From ‘The Salutation’, Thomas Traherne, 1637–74
There comes a moment in your life when you realize that you are probably not, after all, going to be the first person to live for ever.
This realization is normal, or at least I assume so, but it is quite contrary to your rightful expectation. It is a shock.
Let’s be clear. Your mind has no problem with the idea of living for ever. What’s wrong with just carrying on as it is doing now? It can see no reason not to. No. Your body’s the problem. It begins to work less well. And it starts going on about itself, sending you ever more frequent messages, nagging, needy messages: What about me? Is nobody listening to me? Stop that, it hurts. Or: ‘I need to go to the loo.’ ‘What, now?’ your mind sleepily responds. ‘It’s three in the morning.’ ‘Yes, now.’
At school, I was obliged to give up biology at the age of thirteen, even though I was beginning to veer towards the sciences. One lesson a fortnight became no lesson at all. It now seems to me astonishing that this should be allowed to happen, not only because it was by then already clear that biology was the scientific speciality which offered the greatest scope for discovery, but also because we are each the owner-operator of our own human body, and this surely would have been the time to learn something about it. Instead, I was left in charge of a complex biological organism about which I knew next to nothing and yet, if I was lucky, I would be instructing and inhabiting for another seventy years or so.
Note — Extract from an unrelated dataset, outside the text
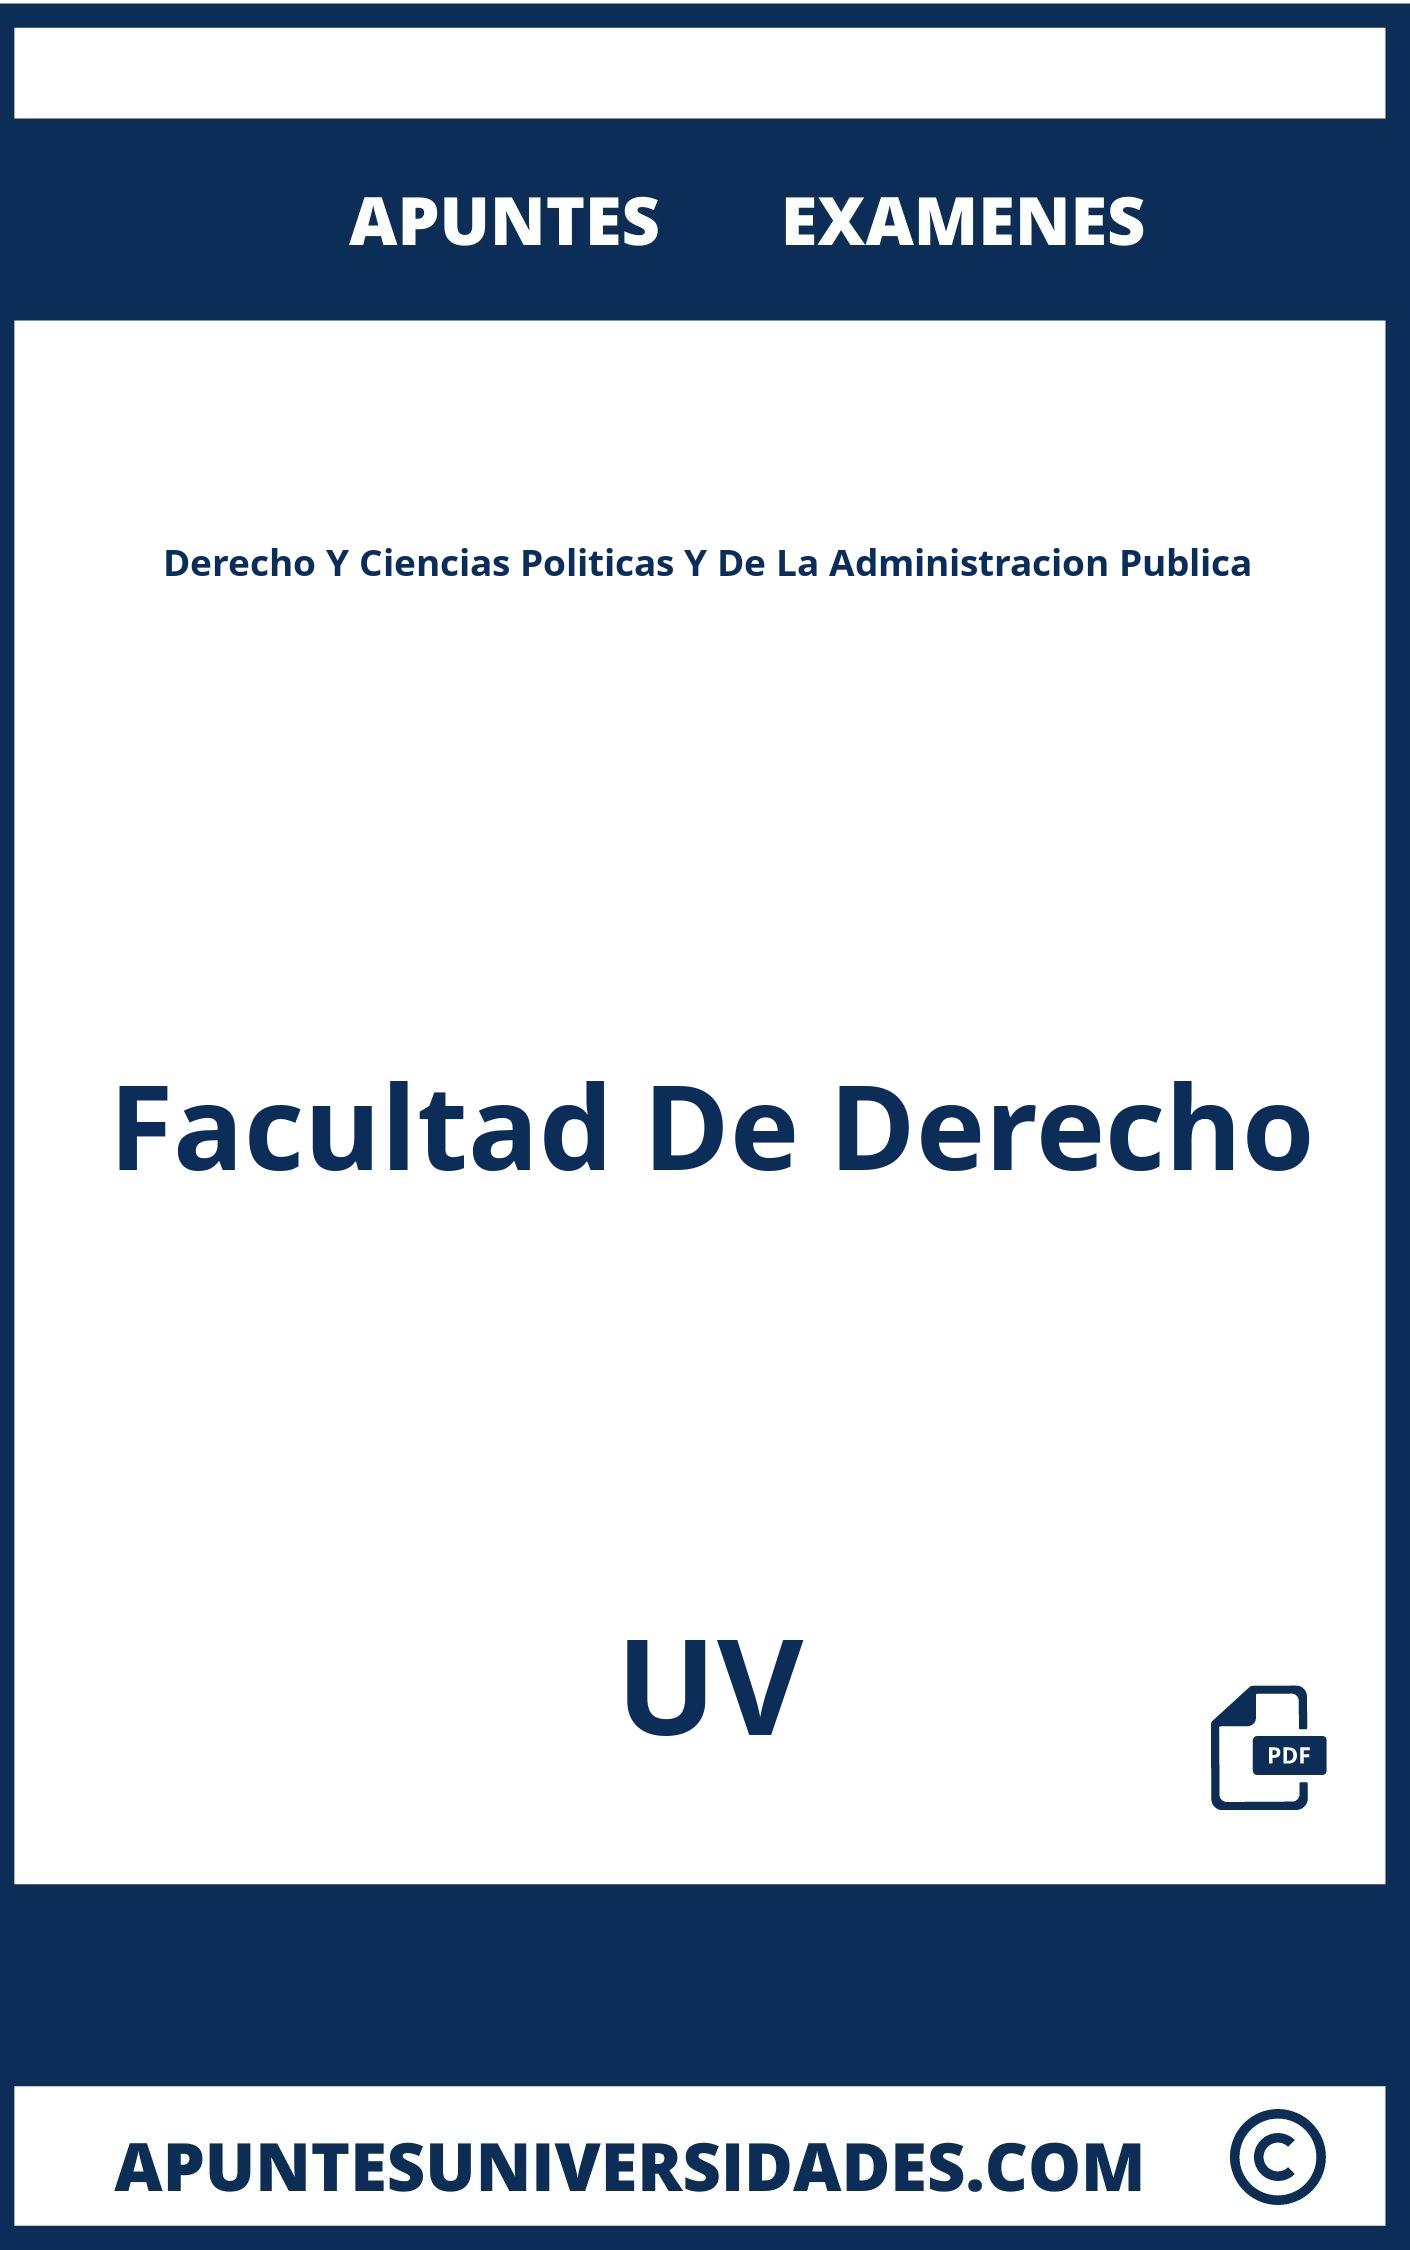 Examenes Derecho Y Ciencias Politicas Y De La Administracion Publica UV y Apuntes
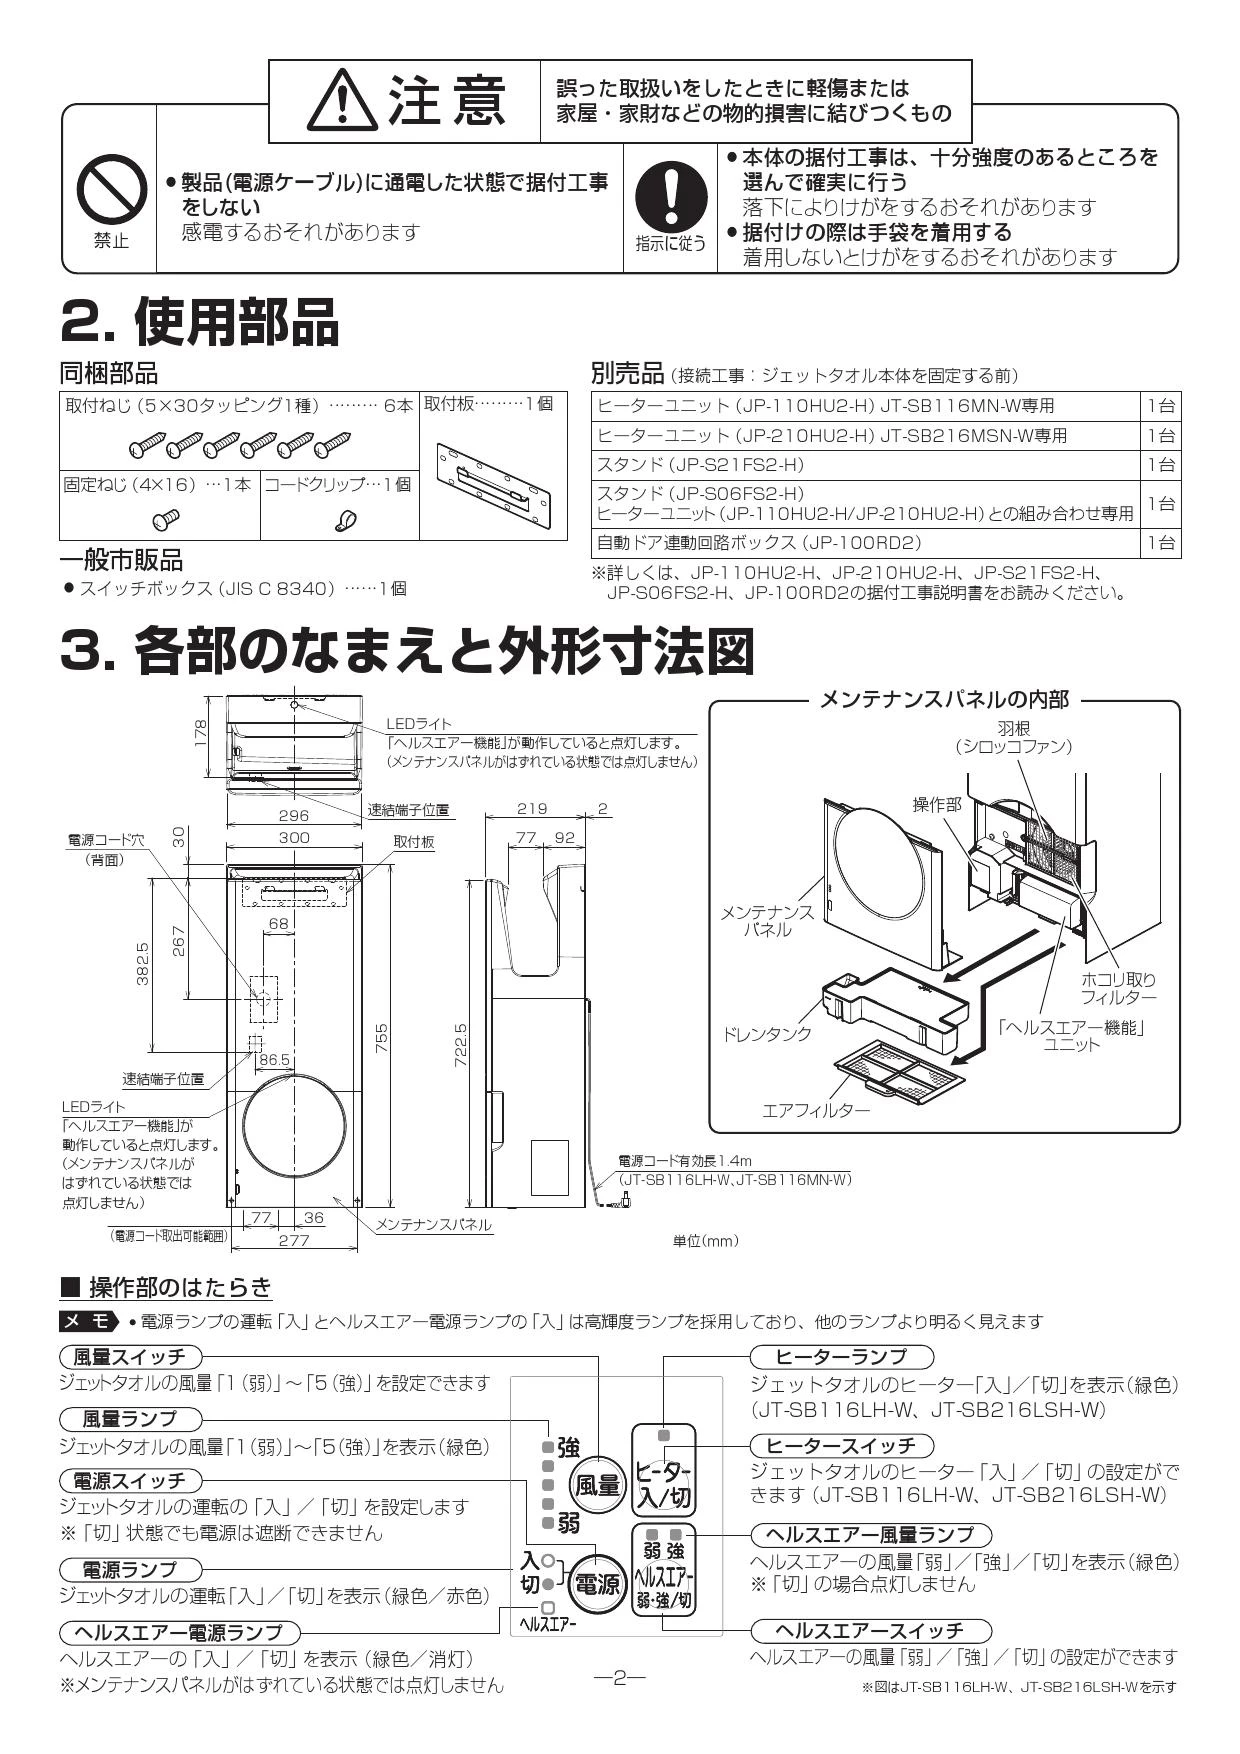 三菱電機 JT-SB116LH-W 取扱説明書 施工説明書 納入仕様図|三菱電機 ...

One consequence of this educational omission and my own intellectual laziness is that I have no answer to the bathroom-at-three-in-the-morning problem. I have no idea how my bladder works, or why it seems to work differently now from the way it worked when I was younger. And the chances are that you haven’t either.
I have only a vague picture of some sort of watertight balloon that fills and empties itself, located somewhere in my abdomen. For more precise information, I find I must consult an undergraduate textbook. The book is like a paving slab, and it’s full of colourful but artless drawings. I look up ‘bladder’ in the index. It is not there. I see I’m going to be forced to translate my simple enquiry into an alien jargon. I consider the matter briefly, and then turn to the Us to find an entry for ‘urinary system’.
The bladder, I learn, is an elasticated bag made of thin layers of muscle. It is lined internally with mucus to make it watertight. When full, it distends to the size and shape of a large avocado and contains about a pint of urine (or a litre, according to another textbook, nearly twice as much). An accompanying X-ray image, referred to – as if I’m meant to know the meaning of the word – as a pyelogram, shows the arrangement of the urinary system within the body, highlighted by a contrast agent that has been injected into the human subject. I see a bulbous reservoir cradled by the pelvic bones at the base of the spine. Running out of it are the two thin lines of the ureters, which hug the spine on their way up to the kidneys, where each branches into two, and then five, and then many more thinner tubes that terminate in the depths of each kidney, somewhere about level with the bottom rib of the rib cage. The image is rather beautiful, like two long-stemmed irises in a bulb vase.
The ureters are muscular tubes that squeeze the urine produced by the kidneys down into the bladder. As the bladder reaches capacity, stretch receptors in the muscle wall are stimulated, sending signals to your brain that you construe to mean that you should get up and relieve yourself.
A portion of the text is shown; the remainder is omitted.